Jessica Hagendorn
Advertising/Marketing Director
Wyn Cooper, a noted poet from Vermont, visited ECC earlier this month as part of the Writer’s Center’s author series. Cooper described his life as one of chance.
“My life has been a series of chance meetings with famous women,” said Cooper of himself. Joanie Mitchell sang at his elementary school. He went to high school with Madonna and his poem “Fun” inspired the song “All I Wanna Do” by Sheryl Crow.
“His poems are always an experience in sensory engagement,” said Rachel Tecza, head of the Writer’s Center, to a nearly full auditorium of almost 30 students and instructors. “Another thing he’s noted for is his precision of observation.”
“At home, your wife frowns, thinking you’re drunk. So you stand on a chair on one foot and juggle three apples until she leaves the kitchen,” Cooper read from his poem “Opal Wyoming.” Lines like this one, set into mostly serious pieces, mark Cooper’s work.

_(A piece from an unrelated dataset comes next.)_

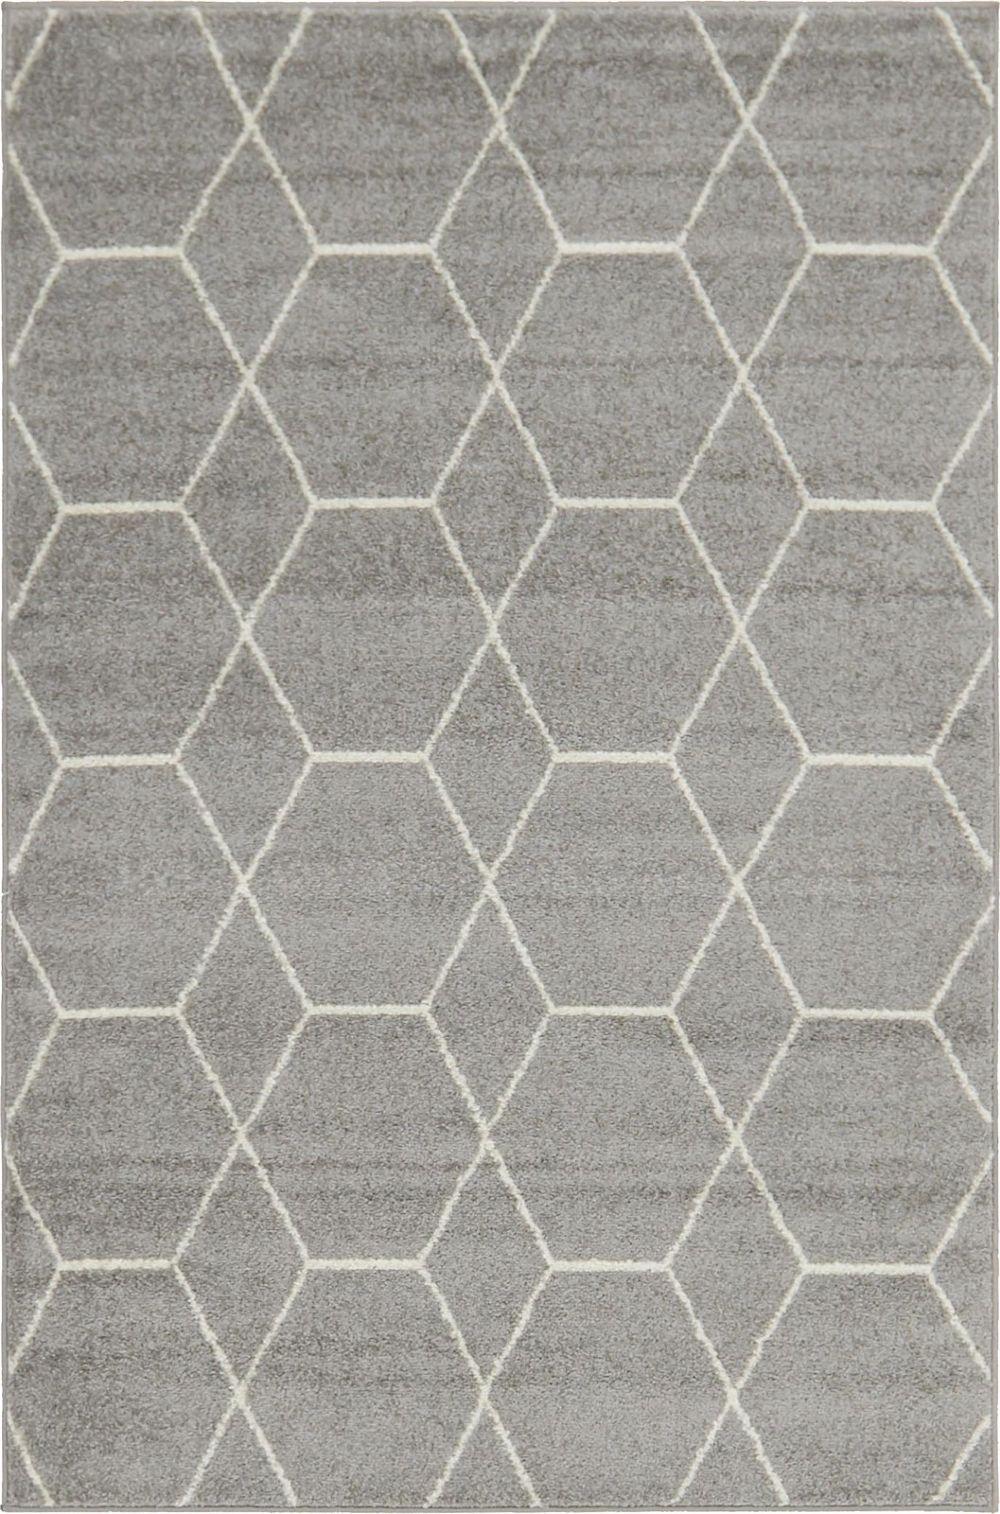 rugpal tellaro contemporary area rug collection

“Good fences, good neighbors, good day to die, and good riddance too, nasty old coot,” Cooper shared from a poem titled “Frosting” that bashed fellow poet Robert Frost.
Cooper shared 10 to 15 poems from his books The Way Back and Postcards from the Interior. Cooper and his partner Madison Smart Bell have made two CD’s based on Cooper’s work. Several of them have been aired on prime time shows like “Scrubs,” “The Unit” and “Men in Trees.” He played one song, based on the poem Postcard from a Painting, at the reading.
Only the first half hour was spent on the reading. The last half was a question and answer session for the students. Student George Stenitzer wanted to know of any tricks Cooper had for starting poems.
“As you’re driving down the street, write down the names of streets,” said Cooper. "I just mean anything. Anything can work.”
Another suggestion he had was just to pick a word out of the dictionary. That’s how he wrote his poem Gaposis, by looking it up to see if it was a real word. He found it in the largest of his five dictionaries.
Cooper also suggested having someone come up with a title, or having a friend pick six random words, three nouns, two adjectives and a verb, to start with. He wrote three sonnets--14-line poems-- based on a dictionary’s pronunciation key. He went through the key and used every example word in order. Cooper titled them “Pronunciation Keys.”
“If I’m writing a poem and I know it’s crap, I just keep writing because you never know--the last line might be a good line,” said Cooper.